• _TASK_: From the first line to the last, restate the data exactly, leaving out the images.

• _SUPPLIED MATERIAL_:
#####

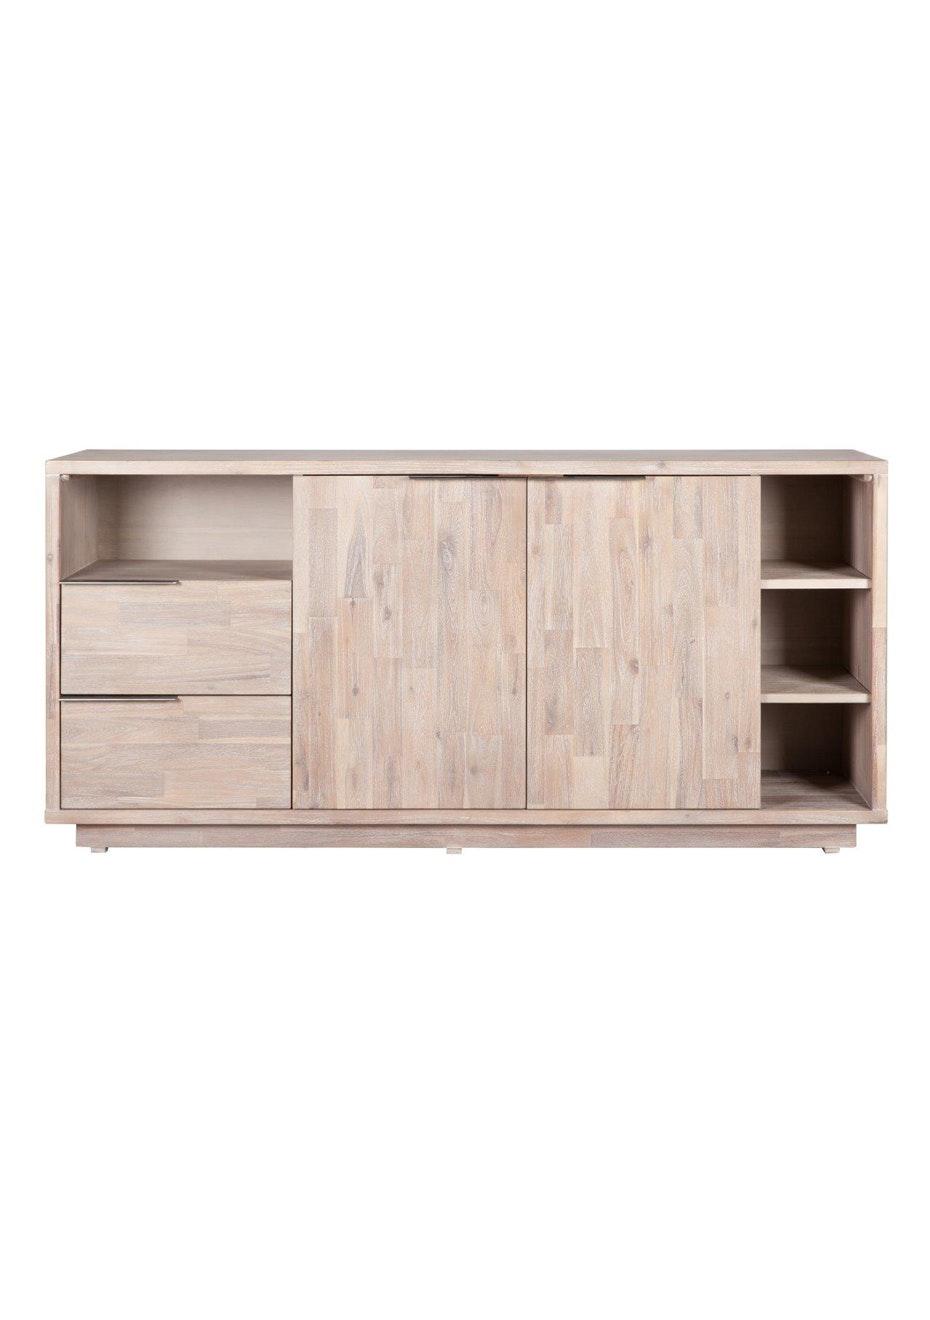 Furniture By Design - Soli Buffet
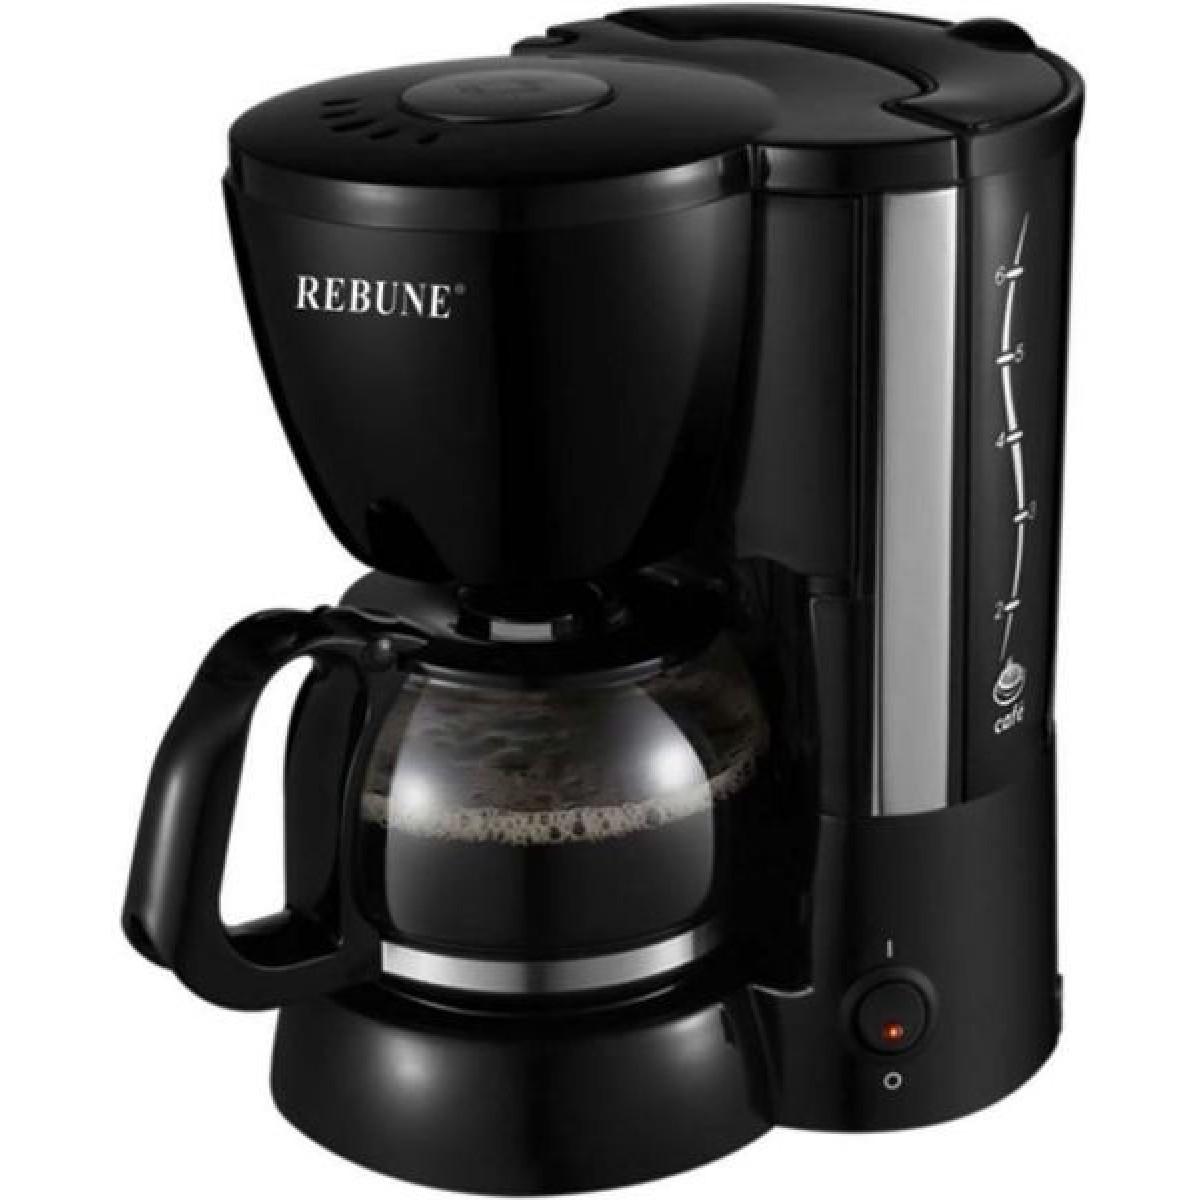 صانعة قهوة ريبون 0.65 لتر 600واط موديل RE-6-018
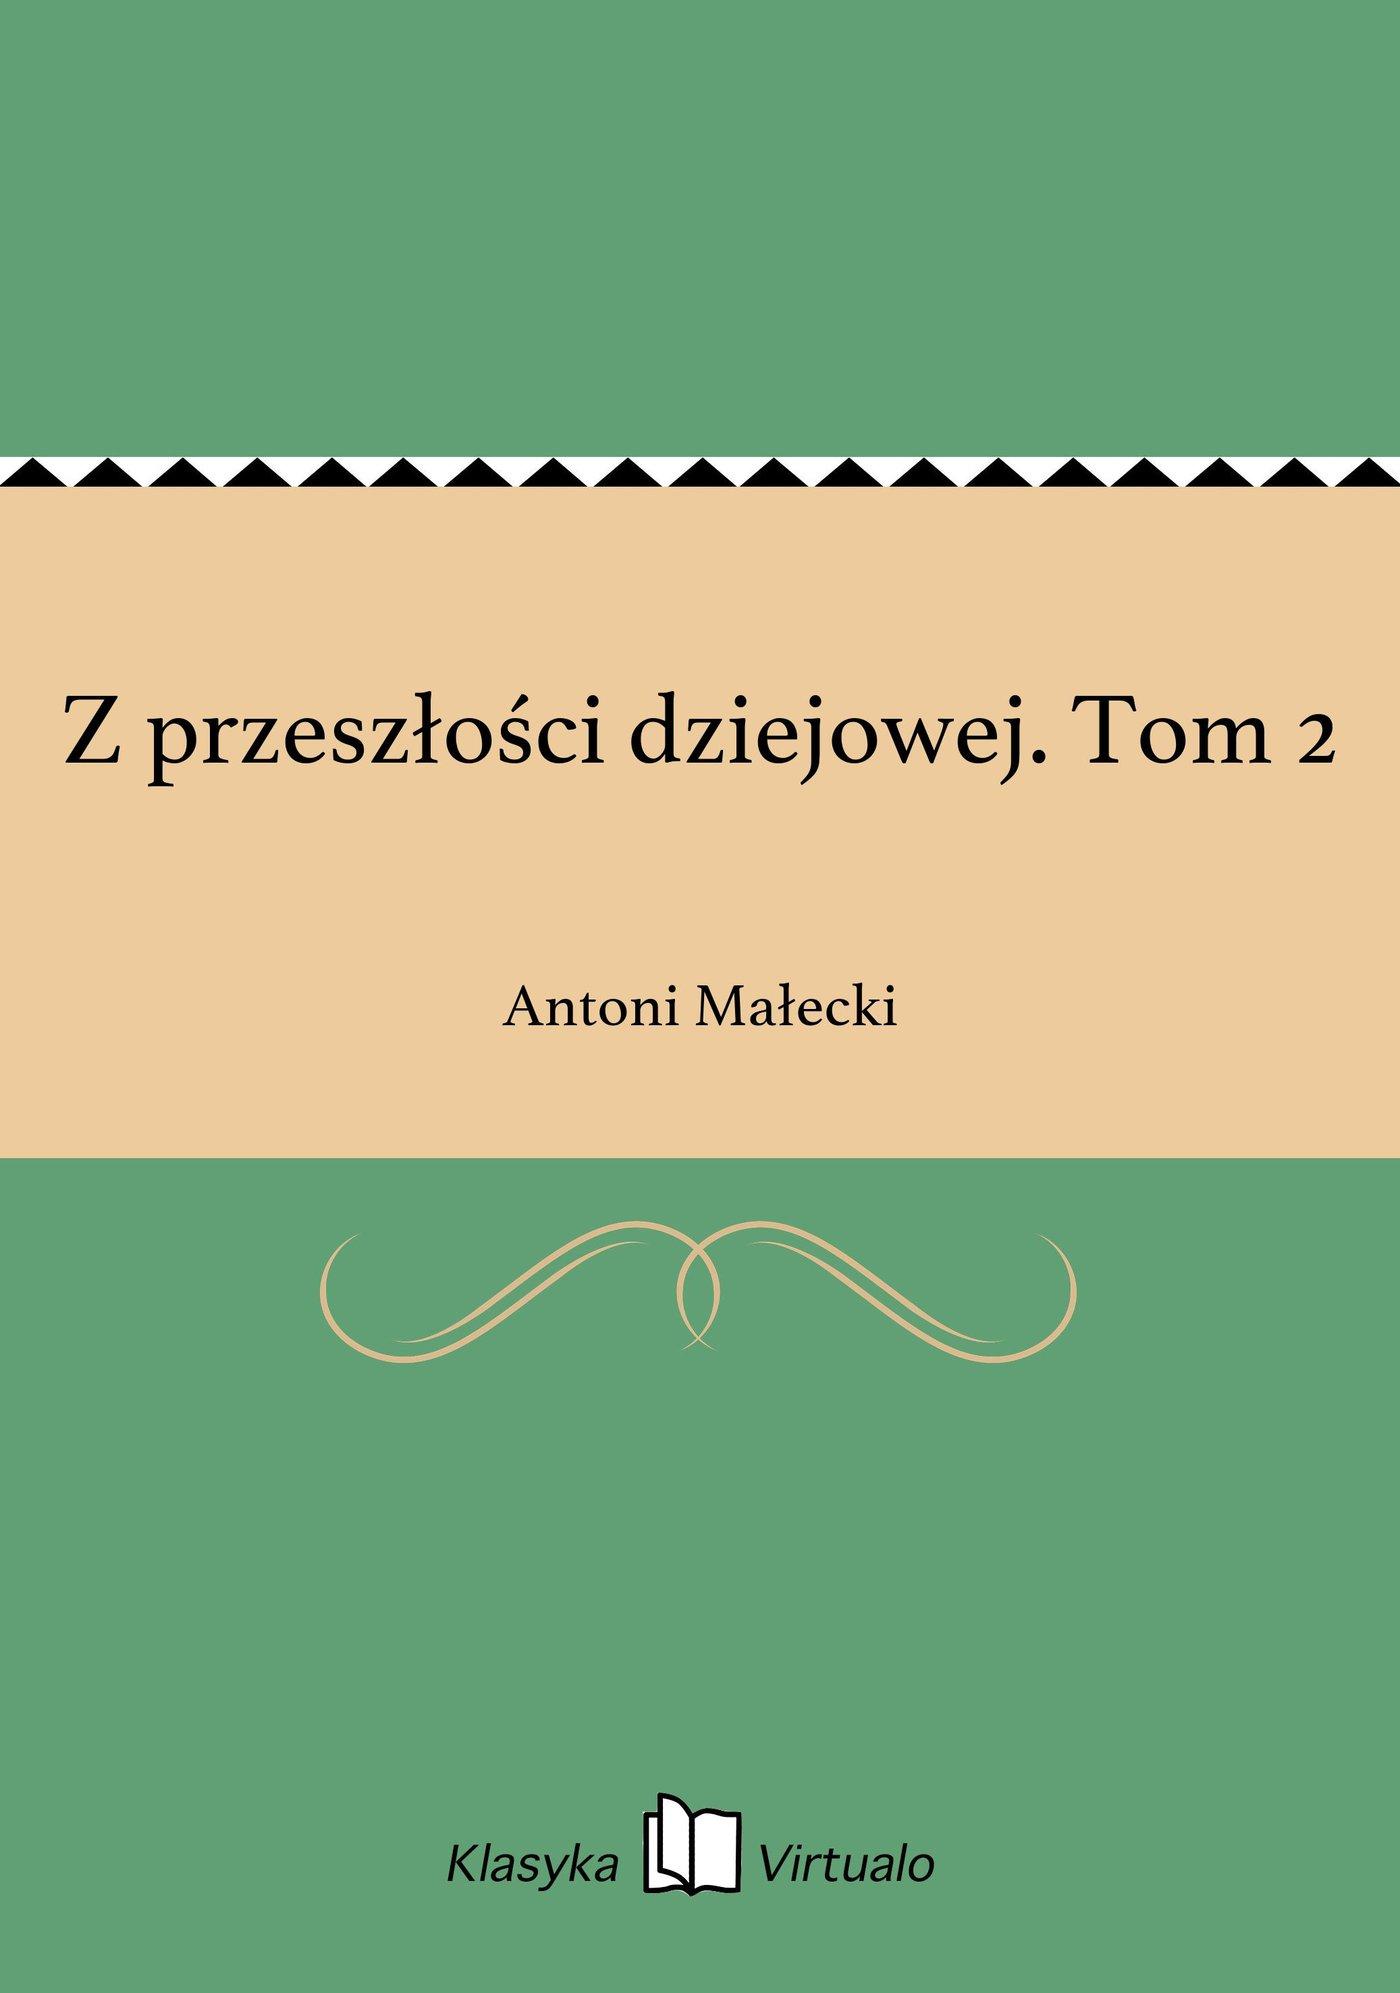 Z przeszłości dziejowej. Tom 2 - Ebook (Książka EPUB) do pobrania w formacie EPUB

#####

• _PROBLEM SOLUTION_:
 Furniture By Design - Soli Buffet
 صانعة قهوة ريبون 0.65 لتر 600واط موديل RE-6-018
 Z przeszłości dziejowej. Tom 2 - Ebook (Książka EPUB) do pobrania w formacie EPUB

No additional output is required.